Interestingly, the minimal entropy of a system corresponds roughly to the algorithmic complexity. Vitanyi and Li write on p. 187: “the interpretation is that bits are on average sufficient to describe an outcome . Algorithmic complexity says that an object has complexity, or algorithmic information, equal to the minimum length of a binary program for .”
What would be the holy grail?
If we could update the theory of statistical physics to phenomena that create low complexity, i.e. structures, a theory of self-organization, really. If we could state the condition under which complexity of a subsystem will drop below some bound, then it would be a great thing. This may even become a theory of life.

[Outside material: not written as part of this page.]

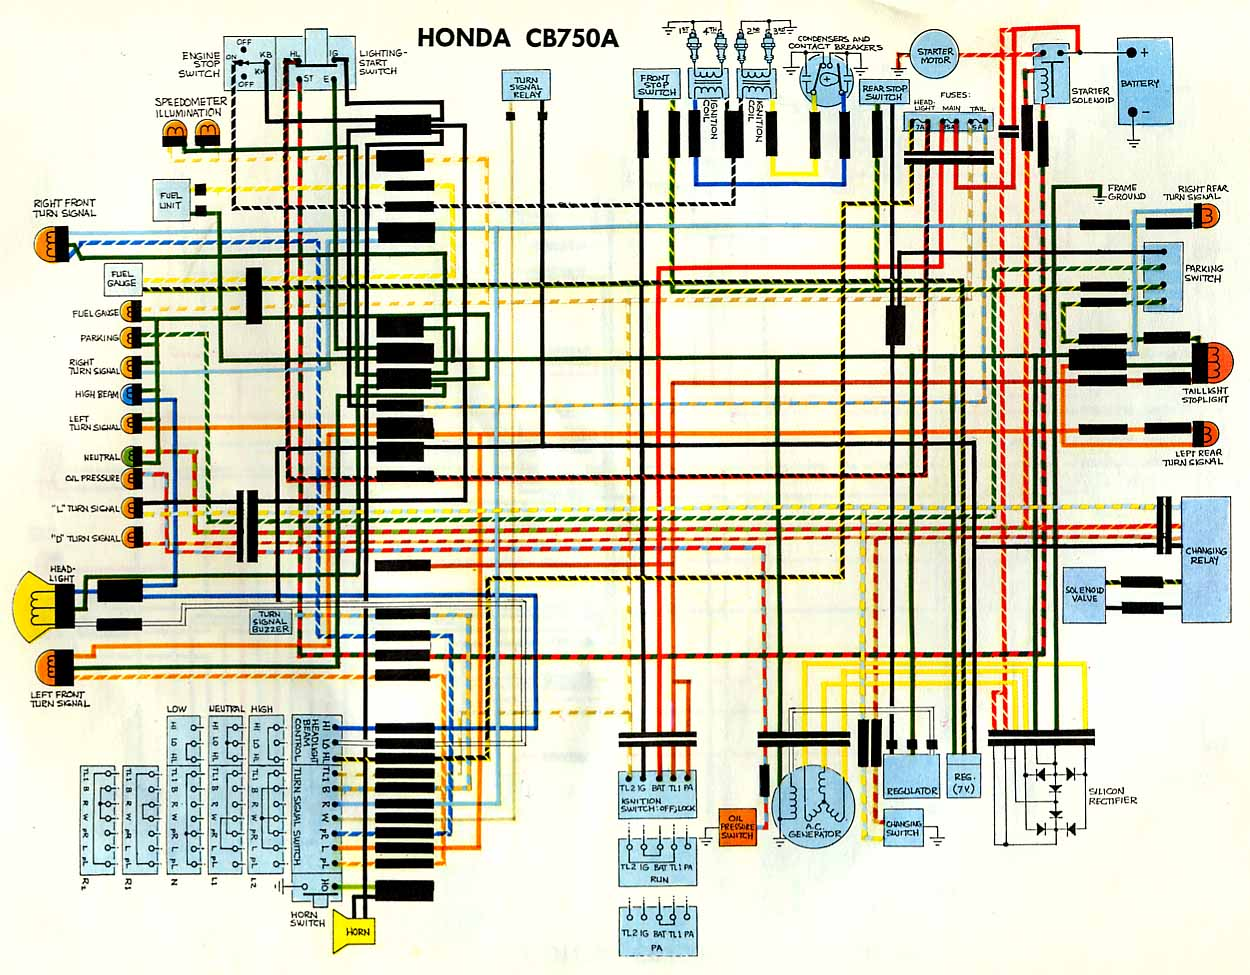 Honda Cb 750 1995 Wiring Diagram - 1980 Ford F250 Wiring Diagram for Wiring  Diagram SchematicsWiring Diagram Schematics

The even holier grail would be to explain the emergence of intelligent life. To me, it seems sufficient to explain the emergence of subsystems that can develop compressed representations of some of its surroundings. For example, a frog that predicts the flight trajectory of a fly has achieved some degree of intelligence since it compresses the trajectory in its “mind”, which enables prediction in the first place.
What does that mean in physical terms? What is representation? In what sense is representation “about” something else? Somehow, it is the ability to create, to unpack, our representation into an image of the represented object, which is what it means to imagine something. Even if the frog does not imagine the future trajectory, it acts as if it knew how it will continue. Essentially, successful goal-directed action is possible only if you predict, that is only if you compress. However, actions and goals are still not part of physical vocabulary.
It will turn out that in order to maintain a low complexity state, the system will have to be open and exchange energy with the environment. After all, in a closed system, entropy and therefore complexity must increase. In order words, the animal has to eat and to shit 🙂
If you extract the energy from your environment in such a way that you maintain your simple state, does it not imply intelligent action already? Don’t you have to be fairly selective of what kind of energy you take and what you reject? If a large stone flies toward you, you may want to avoid collision: that type of energy transfer is not welcome, since it does not help to maintain a low complexity state. However, a crystal also maintains its simplicity. Probably because it becomes so firm that after a while it just does not desintegrate from the influence of the environment. It any case, it does not represent anything about it’s surroundings. It does not react to the environment either.
From Jeremy England (2013).
Irreversible systems increase the entropy (and the heat) of the heat bath.
If we want internal structure (dS shall be negative) and high irreversibility, then a lot of heat would be released into the bath. Can this result be transformed into an expression with algorithmic complexity? If yes, and if we figure out how to construct a system such that it does create that, then we have figured out, how to create structure.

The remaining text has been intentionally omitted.